Advocacy Group Goes Undercover At Bank Of America, Alleges Discrimination
By Andrew Dunn, The Charlotte Observer
CHARLOTTE, N.C. — The nonprofit National Fair Housing Alliance said Tuesday that it conducted an undercover investigation of Bank of America Corp. in Charleston, S.C. — and claimed it found evidence that the Charlotte bank discriminated against potential Latino borrowers.
The organization filed a formal complaint with the federal Department of Housing and Urban Development. It says it conducted a series of tests that showed that Latinos were not given the chance to speak to loan officers or were quoted higher interest rates than whites.

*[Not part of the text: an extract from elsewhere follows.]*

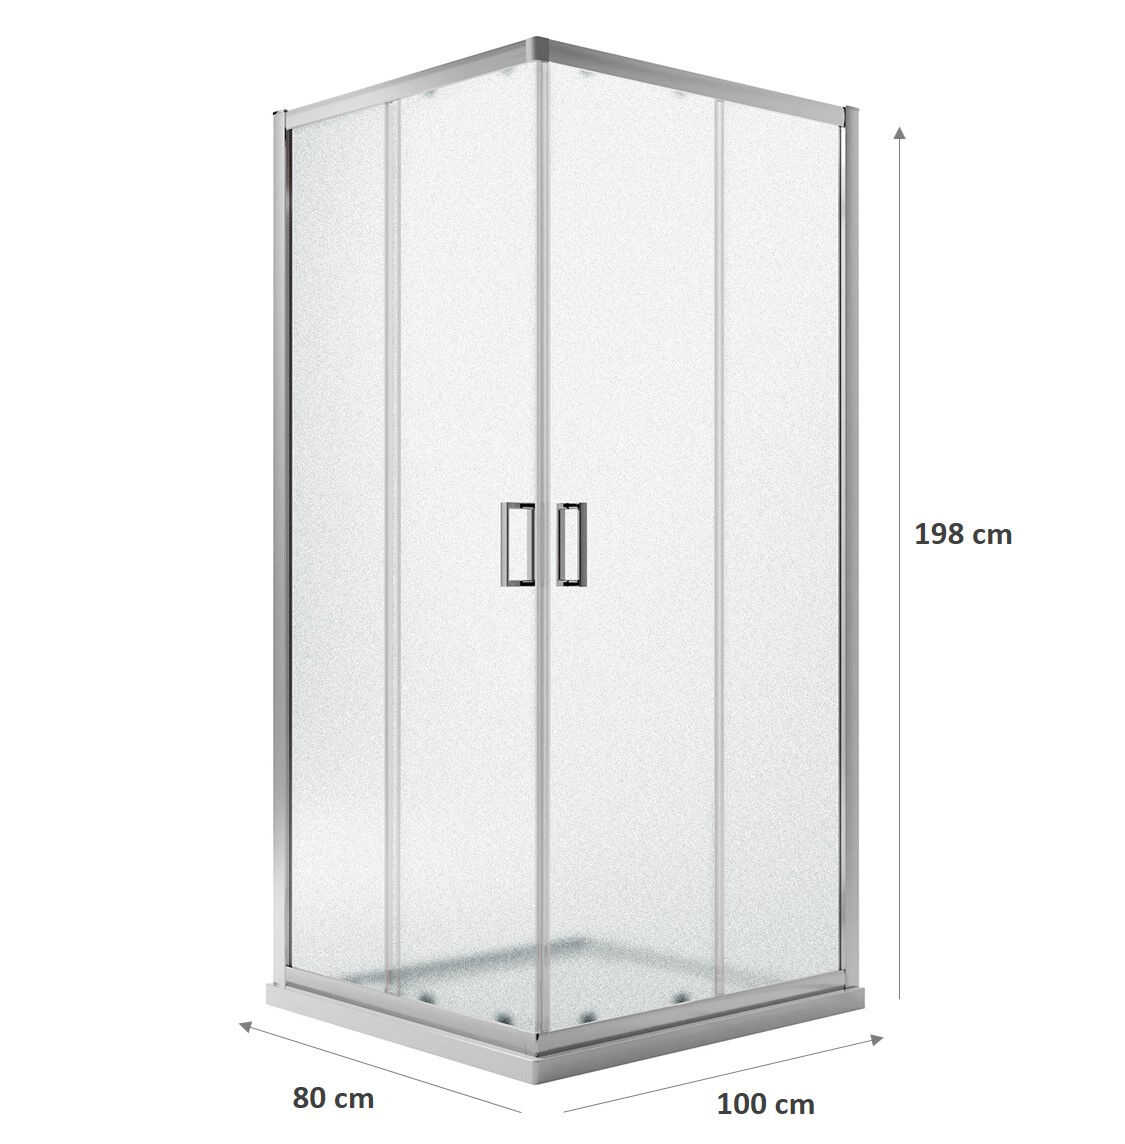 Box doccia rettangolare Modello City 80x100 cm - h 198 cm - vetro stampato
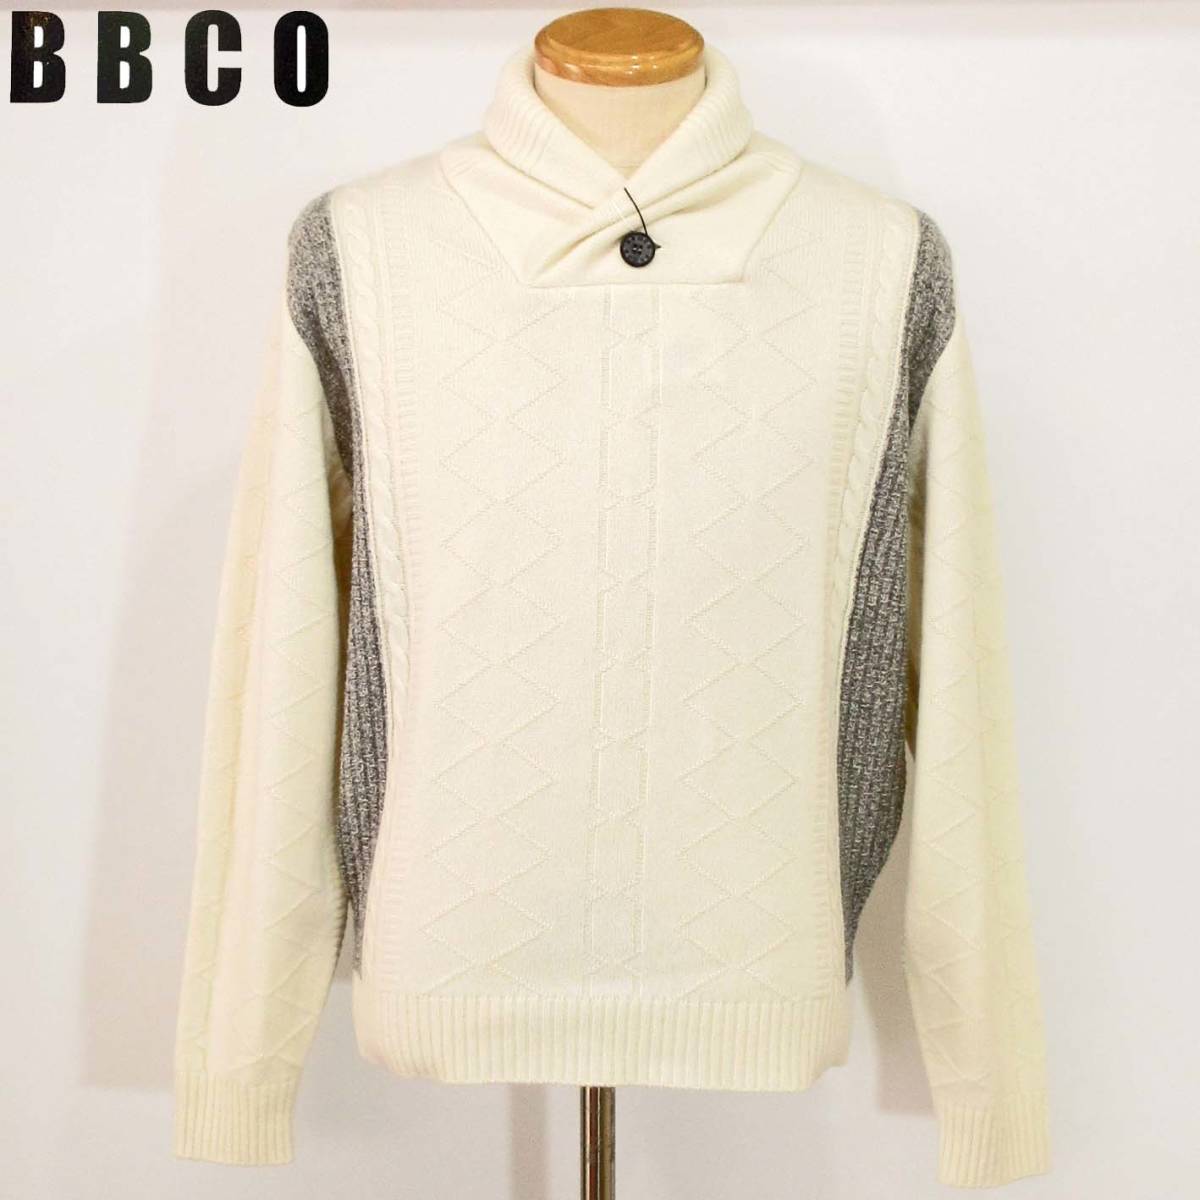 ★BBCO★SALE ショールカラーセーター【オフホワイトLL】秋冬モデル 15740201 ビビコ

In a news release, the organization said it sent a series of white and Latino potential customers into a Bank of America branch to talk with employees. In one instance, a prospective white borrower was sent into a branch to talk about a mortgage and immediately got a call from a loan officer. A Latina prospective borrower went into the same branch but never got a call, the alliance says.
The organization did not say how many such exercises it conducted, or how it reached its conclusions.
Bank of America spokesman Terry Francisco said the National Fair Housing Alliance had not provided the bank with details of its complaint. He said if HUD pursued an investigation, the bank would cooperate fully.
“Bank of America is committed to fair and responsible lending and has a strong record of supporting all local communities, regardless of demographic makeup,” he said in a statement. “Customers from minority communities account for one in every four home loans we originate.”
In an earlier complaint, the alliance alleged that Bank of America did not keep up foreclosed properties in minority neighborhoods in more than a dozen cities. Wells Fargo & Co. settled similar claims brought by the alliance for $42 million.
In 2011, Bank of America agreed to pay $335 million in a settlement with the Justice Department to resolve claims that Countrywide Financial Corp. discriminated against black and Hispanic borrowers who applied for home loans.